3. It's annoying to have smoke blowing in your face.

For this argument, I paraphrase Politically Incorrect's Bill Maher. "Why is it that when I'm on an airplane, they can have five kids screaming in my face, but if I have a cigarette any place smaller than the Astrodome I'm an asshole?" A word to the wise: everyone is annoying in some way, shape or form. I know people that I wish would use deodorant but they don't make a special section for them in restaurants.

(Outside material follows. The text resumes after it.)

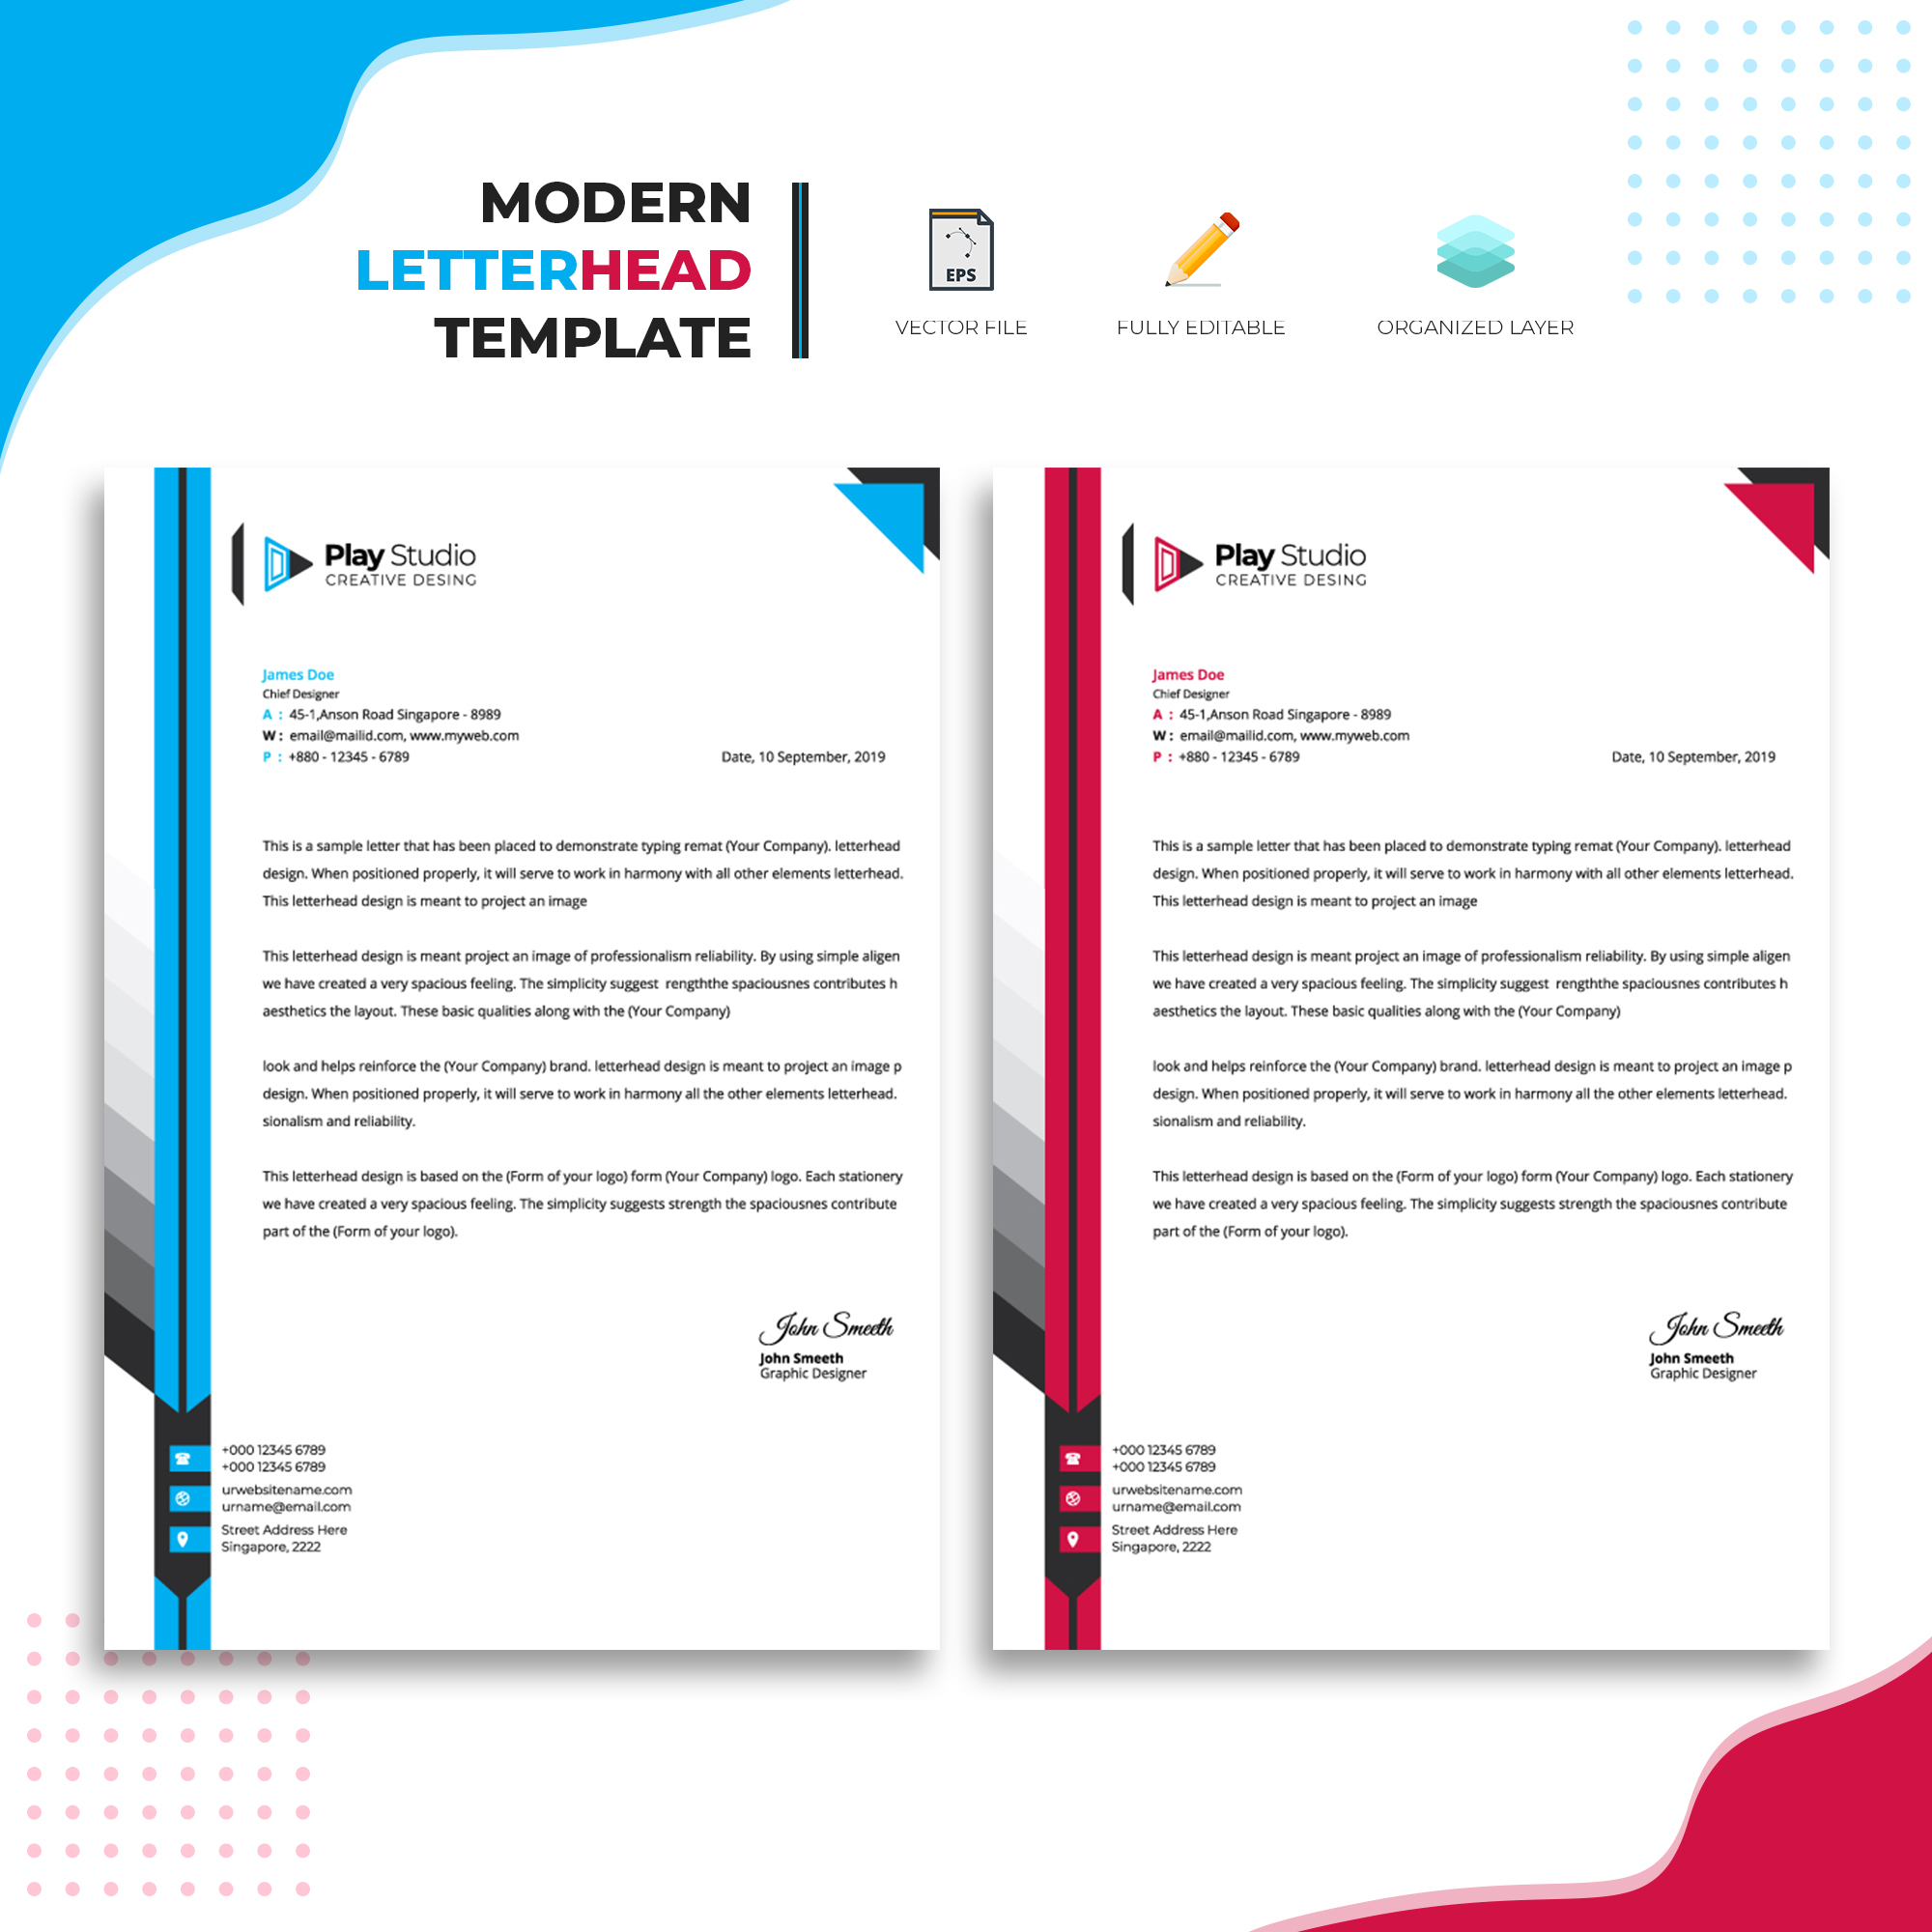 Modern Letterhead Template Design Download Free Vectors Clipart Graphics Vector Art,Memphis Interior Design
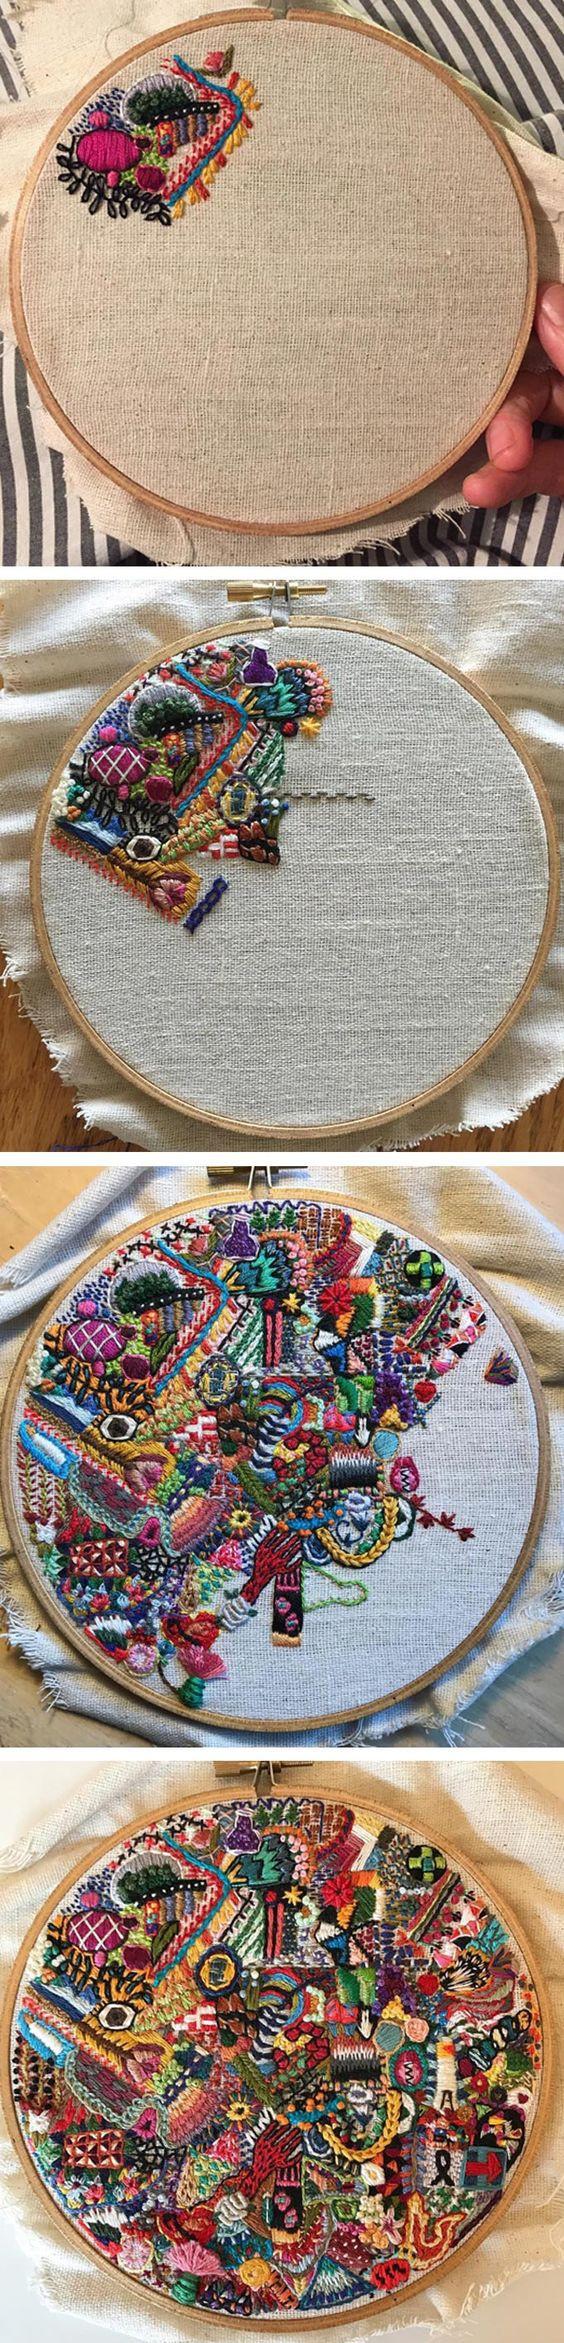 http://www.brwnpaperbag.com/1-year-of-stitches-michelle-anais-beaulieu-morgan/

I agree with segregating smokers to an extent. I like smoking sections in confined spaces, such as restaurants, airplanes and public transit. I'm not sure smoking in hospitals is a good idea. But we're getting carried away. Whoever dreamed up the idea of eliminating smoking in bars was toking on some leafy substance, because people who go to bars generally accept that it will be smoky. For awhile the Ontario government was going to introduce a law that you couldn't smoke while you were driving. Teachers can no longer smoke in staff rooms and are forced to go across the road with the students to smoke. There is no smoking at many bus terminals, down by the tracks at train stations or in any public facility at all. Are they really that scared of us?

Yes, but there are many, many other things to be scared of. Smokers are just the easiest to spot. So lay off us, people. We know we're dying, but there are many things killing you faster.